The above excerpt can be seen in the original at http://youtu.be/1z-FlAGB2GY?t=1h56m29s
Oil & Gas Edit committee 4-2-13
Sometime prior to this meeting, Ric Morgan sent a copy of the draft Oil & Gas regulations to Jake Matter at the Attorney Generals office for his review. Jake Matter also represents the COGCC. Matter responded to Morgan’s email ex-officio with respect to his COGCC duties. Morgan shared this response with Carolyn Parkinson, who then distributed it to other Oil & Gas Edit Committee members. Matter’s analysis apparently raised the issue of an operational conflict with COGCC regulations on the issue of Elbert County banning open pits.
The edit committee struggled with this new information. Committee members Crisan and Corrado lobbied for the regulation to be written in an adversarial progressive direction, notwithstanding that the majority of edit committee members thought that litigation with the state would likely ensue from that approach. Environmentalists in the audience agreed with the adversarial approach. As Mr. Blotter put it, such an approach might deter him from going on the “attack.”
Carolyn Parkinson spoke to the duty of the edit committee to produce a regulatory document that the BOCC could sign with some assurance that doing so would not open the county to litigation. Several others experimented with language that would preserve a county disposition against open pits without putting in place an outright ban to trigger the operational conflict.
It would be interesting to see this letter from Jake Matter that caused so much kerfuffle in the meeting.
Taking a step back, what was notoriously under-represented on the edit committee, and absent in the environmentalist (all but one person) audience, was a non-presumptive attitude toward the whole business, grounded in objective science. For the majority in the room, conclusions have been made, future negative outcomes are beyond doubt, and the agenda reigns supreme.
dark times
Elections have consequences. Elbert County’s busy liberal-led bureaucracy has been writing up a blizzard of new regulatory laws to govern us good citizens.

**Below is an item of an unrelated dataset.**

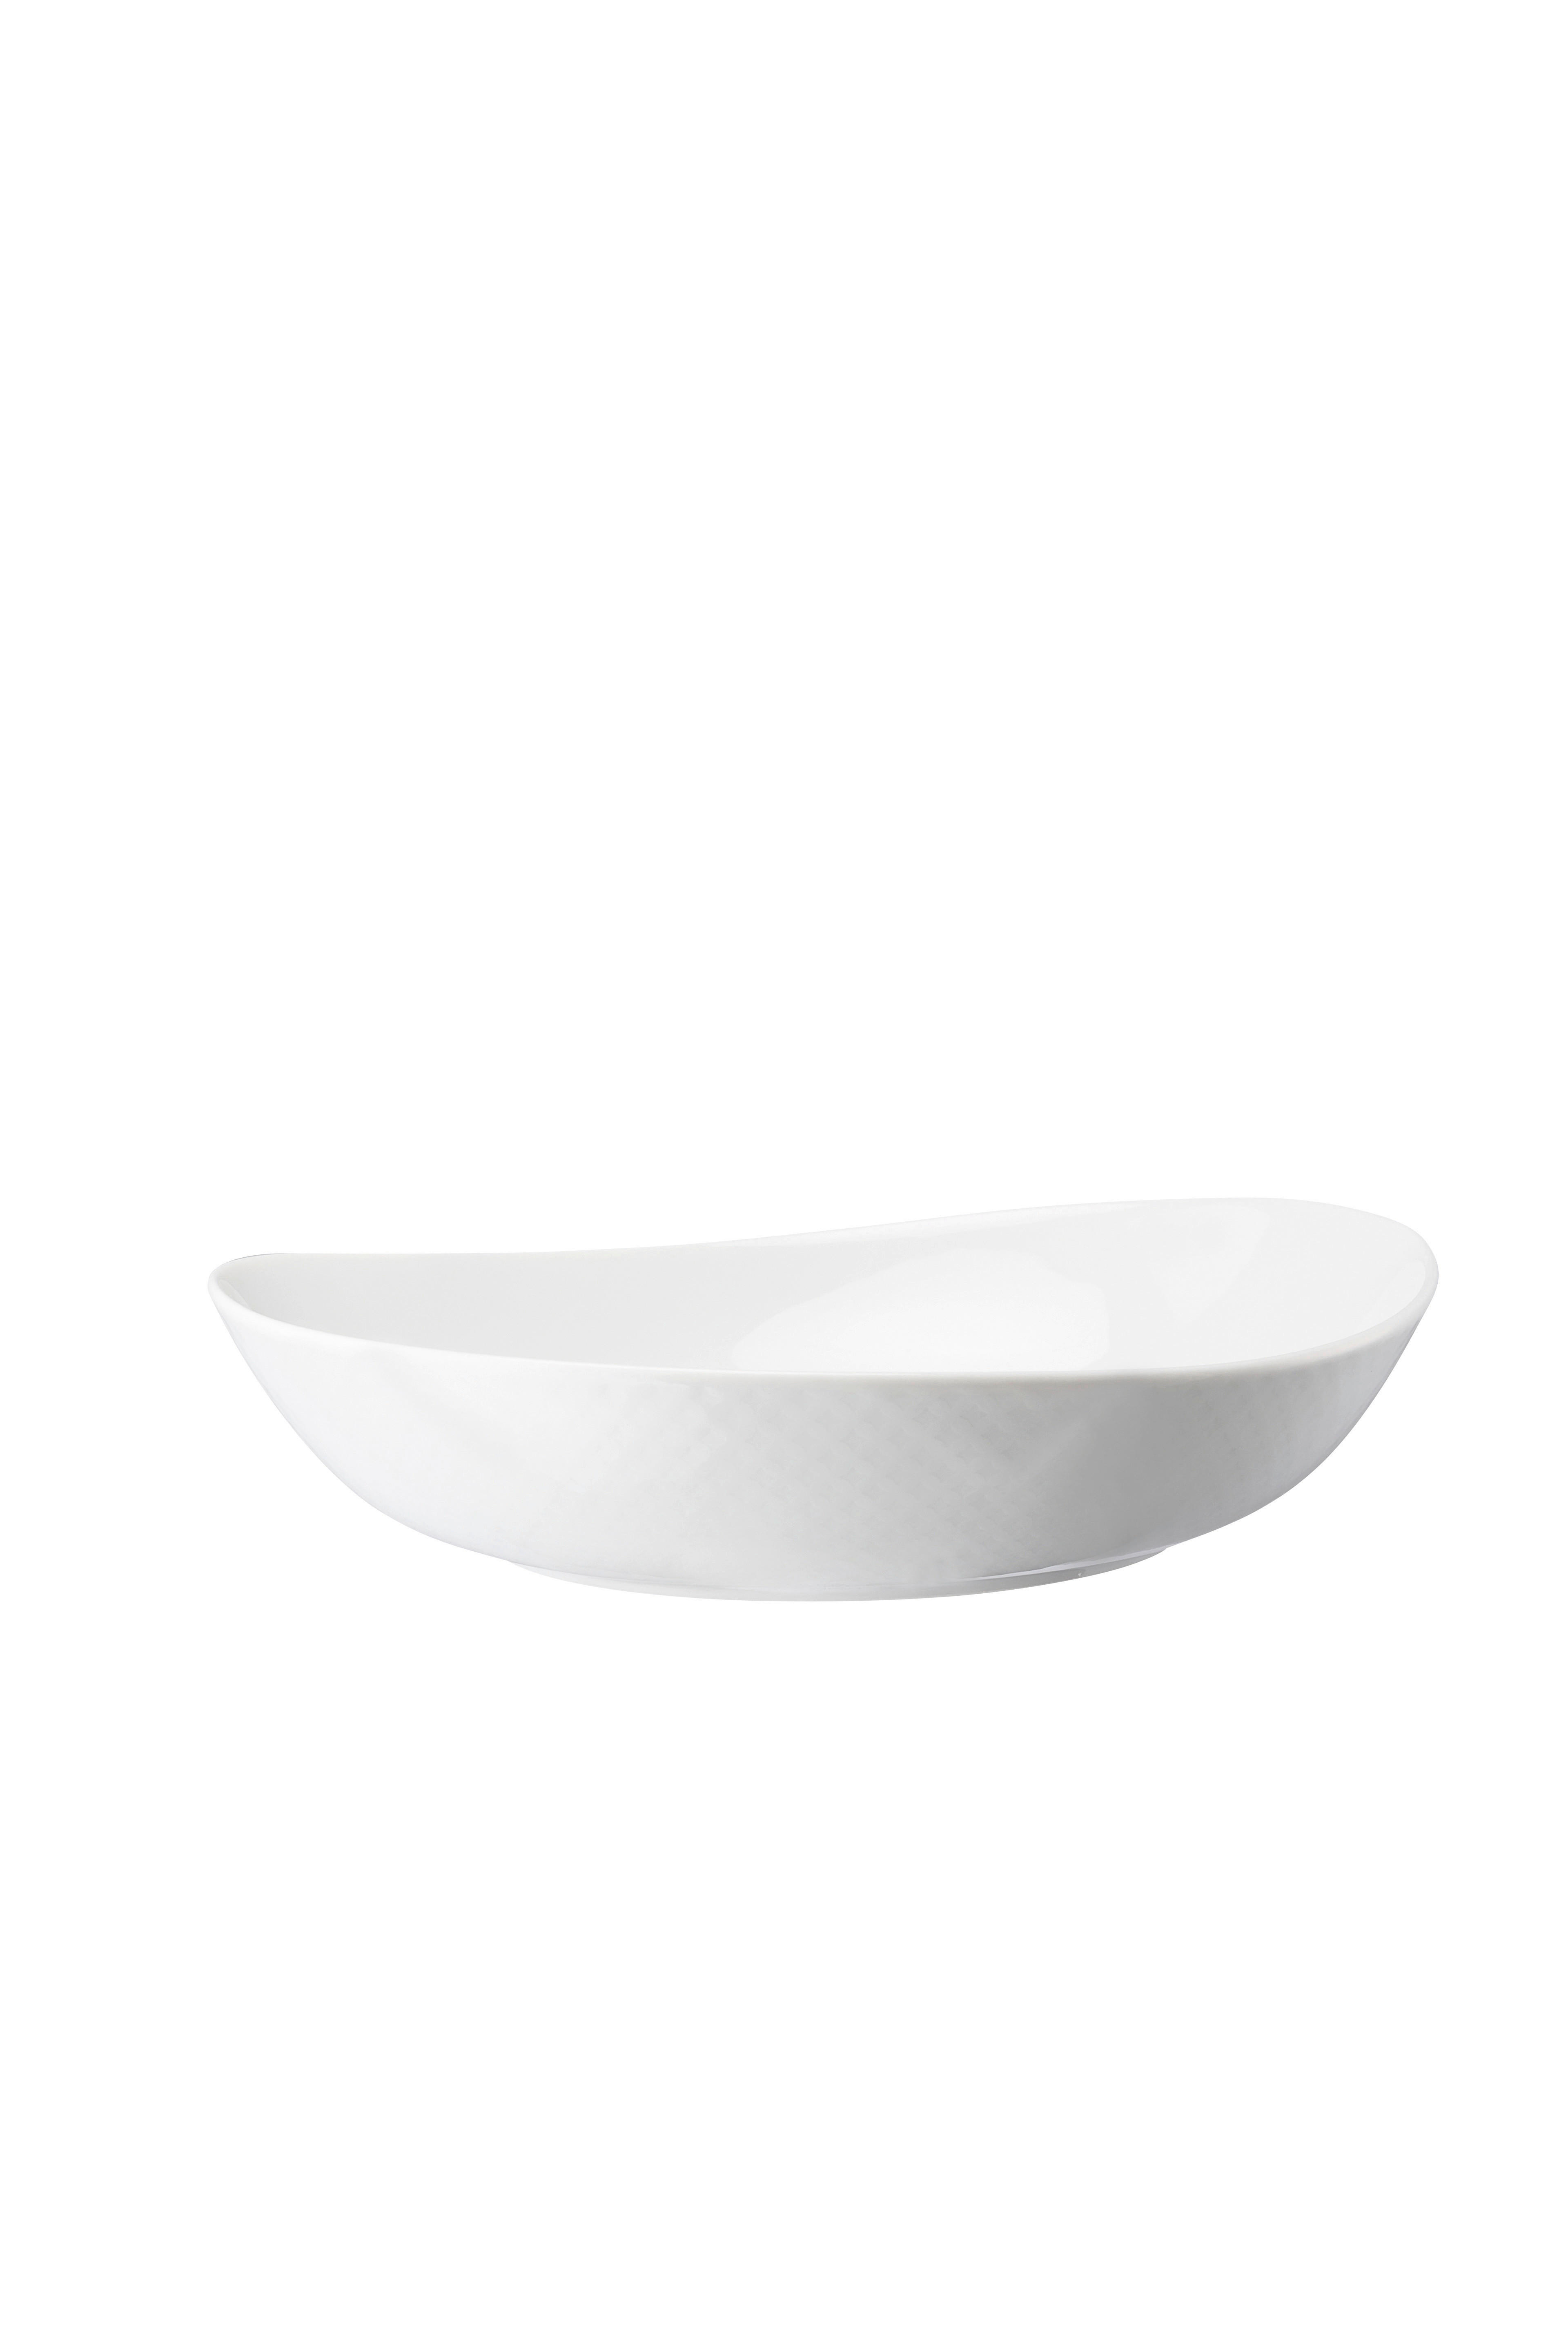 DUBOKI TANJIR  25 cm        - bela, Osnovno, keramika (25cm) - Rosenthal

The liberals appointed by the Republican BOCC members you voted for last November got right on the problem brought to light by the Nyquist affair. But I hope you didn’t think that putting a couple of committed liberals onto the BOCC would bring the platitudes of accountability and transparency they preached into fruition. Those outcomes never had a prayer.
The first Nag to escape the barn is the Special District Regulation with its Addendum A and Addendum B. In the face of one dissenting vote last night, the Planning Commission voted to pass this turkey on to the BOCC – that group with a majority of elected politicians too spineless to actually defend a political position themselves – the group who prefer to hide their more controversial policies at arms length in subordinate off-line committees.
And why not? The strategy of avoiding all contact with controversial decision consequences has worked pretty well for President Obama. Provided you have policy prostitutes willing to lay down for you, why not indeed.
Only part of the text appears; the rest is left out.